Editor's Note: Sept. 18 Cover-Up Is a Final Turning for America

Roubini and Ferguson have warned for more than three years that continental Europe needs to clean up its banks’ woeful balance sheets, and say that next to nothing has been done.

“In the meantime, a silent run on the banks of the eurozone periphery has been under way for two years now: cross-border, interbank and wholesale funding has rolled off and been substituted with European Central Bank financing; and “smart money” – large uninsured deposits of wealthy individuals – has quietly departed Greek and other ‘Club Med’ banks,” they say.

Now, the public is finally losing faith and the silent run may spread to smaller insured deposits as well.

“The way out of this crisis seems clear,” Ferguson and Roubini say. “First, there needs to be a program of direct recapitalization — via preferred non-voting shares — of eurozone banks, in the periphery and the core, by the European Financial Stability Facility and its successor, the European Stability Mechanism.”
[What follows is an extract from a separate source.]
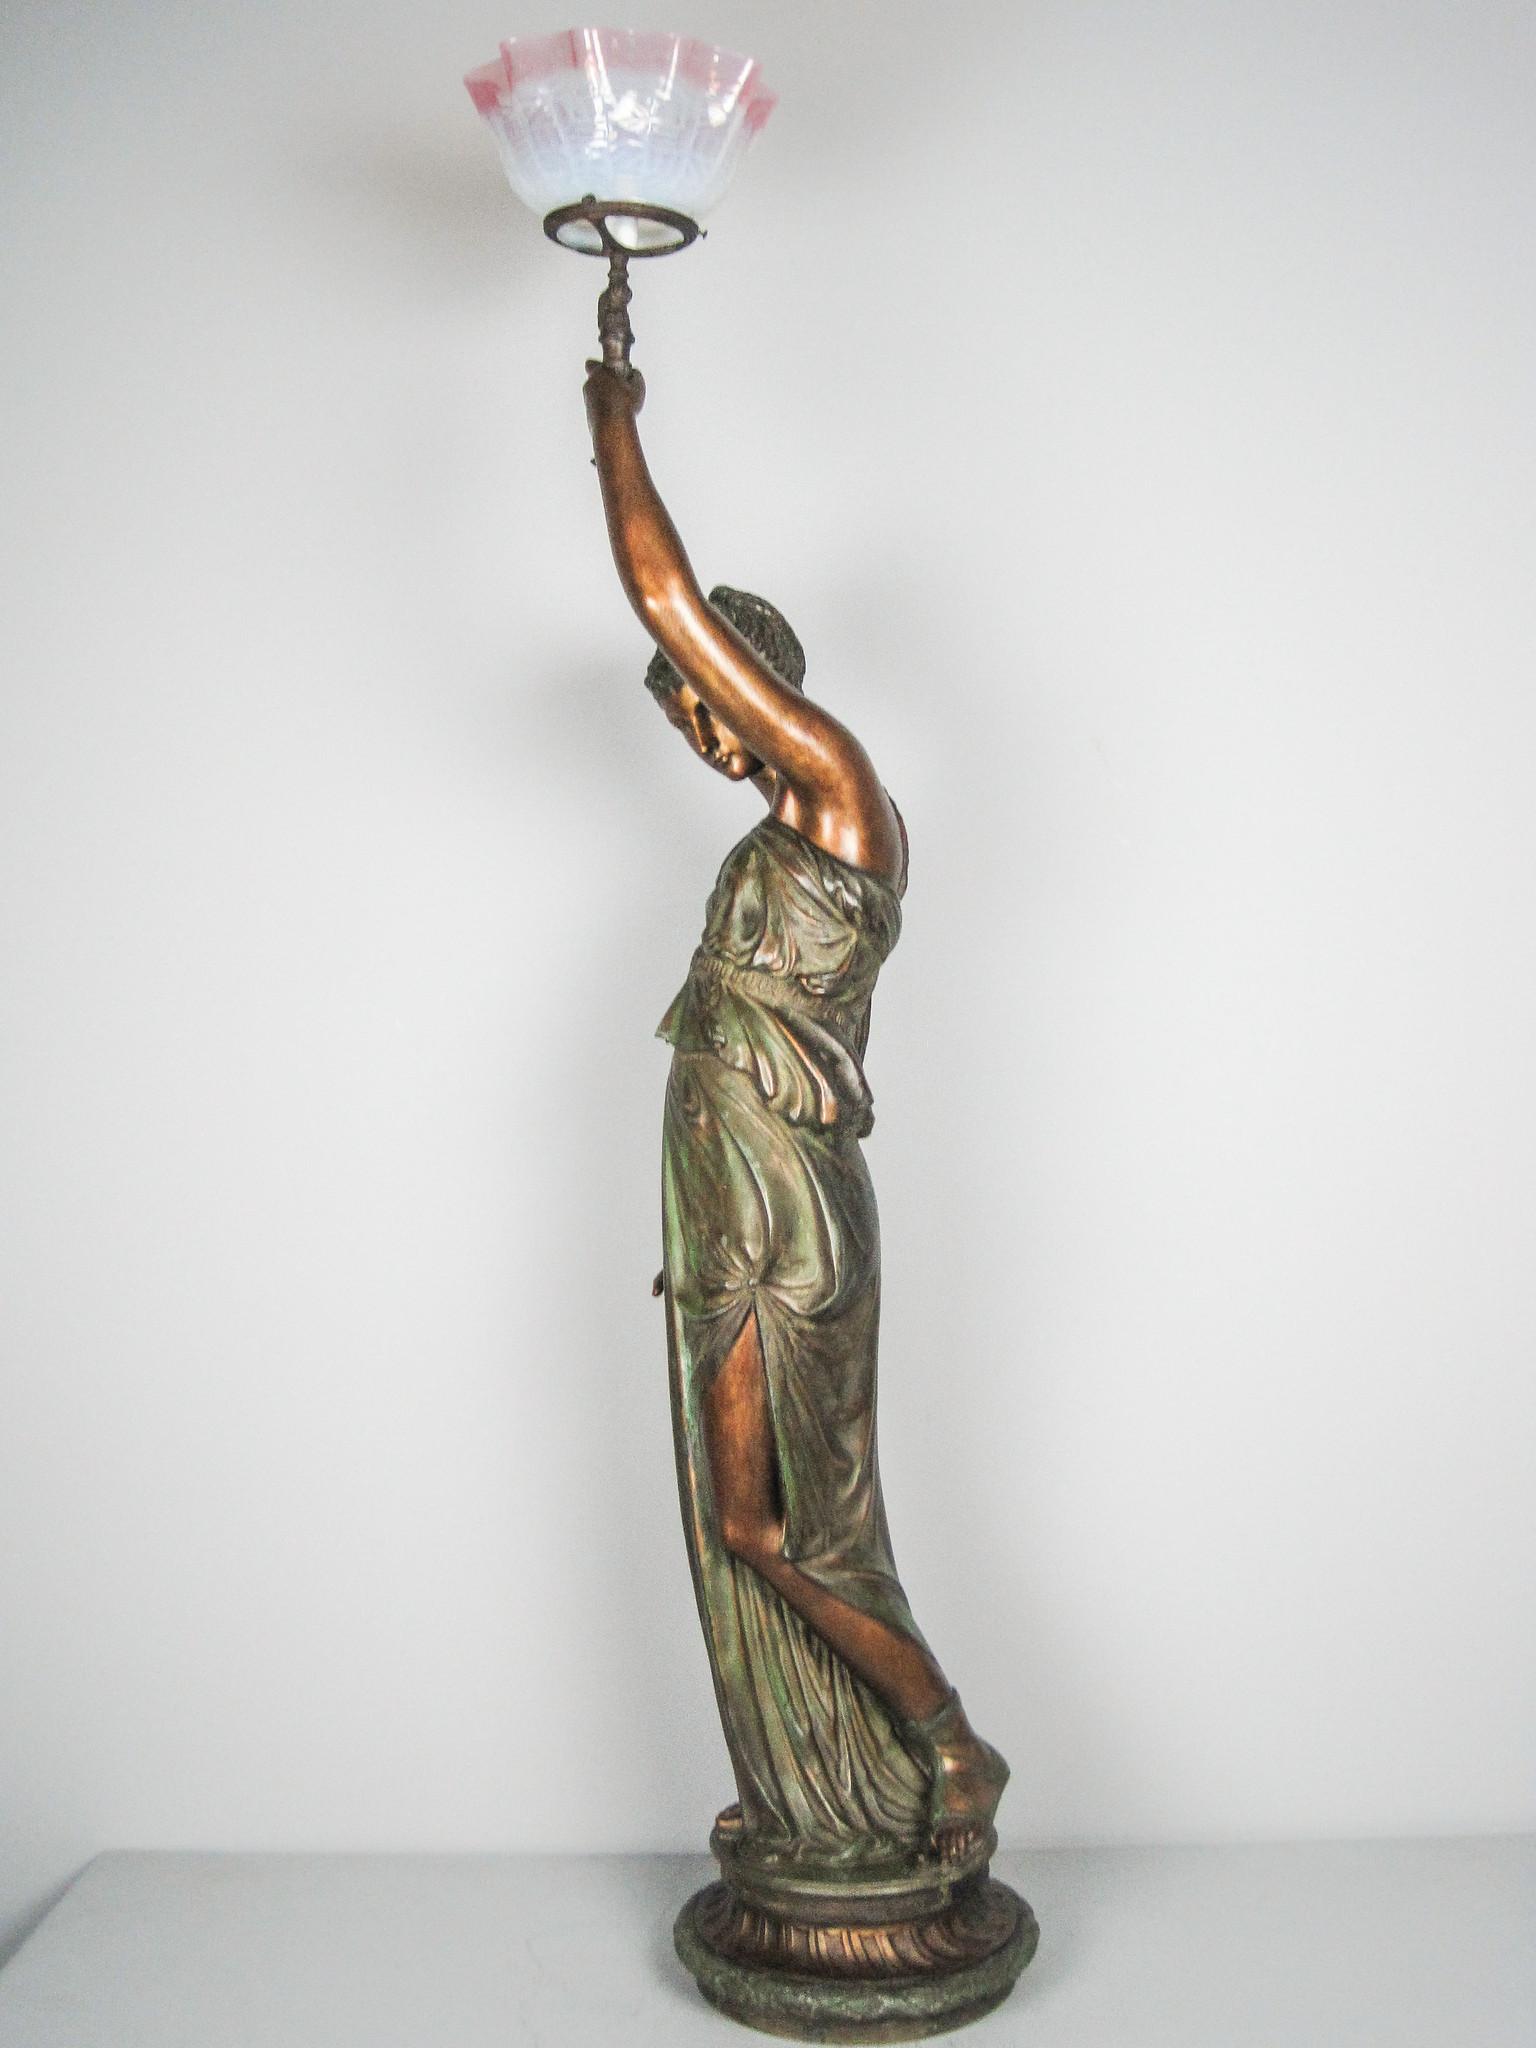 Mitchell Vance Amp Co Goddess Newel Post Lamp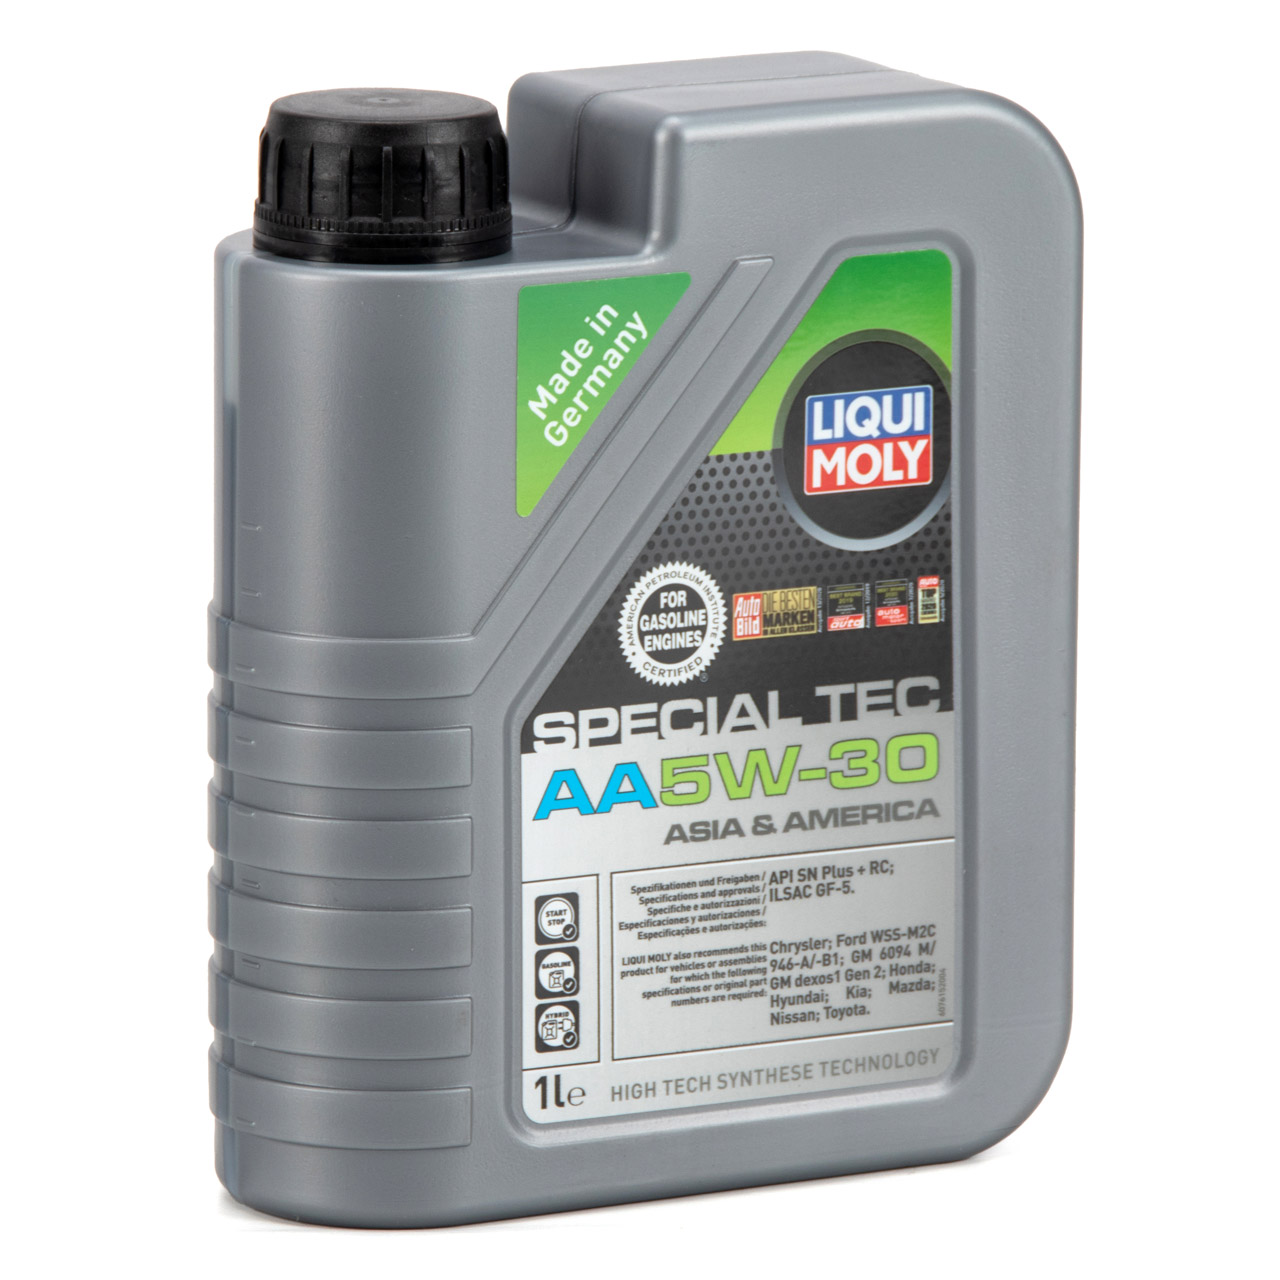 LIQUI MOLY 20953 Motoröl Öl SPECIAL TEC AA 5W-30 ASIA & AMERICA - 1L 1 Liter

“Second, to avoid a run on eurozone banks — a certainty in the case of a Greek exit and likely in any case — an EU-wide system of deposit insurance needs to be created.”

To reduce moral hazard (and the equity and credit risk taken by eurozone taxpayers), several additional measures should also be implemented, the economists say.

The deposit insurance scheme has to be funded by appropriate bank levies: this could be a financial transaction tax or, better, a charge on all bank liabilities; there needs to be a bank resolution scheme in which unsecured creditors of banks — both junior and senior — would take a hit before taxpayer money is used; and measures to limit the size of banks to avoid the too-big-to-fail problem need to be taken.

“We also favor an EU-wide system of supervision and regulation,” say Roubini and Ferguson.

The Economic Times reports that European officials have taken a step toward surrendering a cherished national prerogative by proposing to shift banking regulation to a central authority.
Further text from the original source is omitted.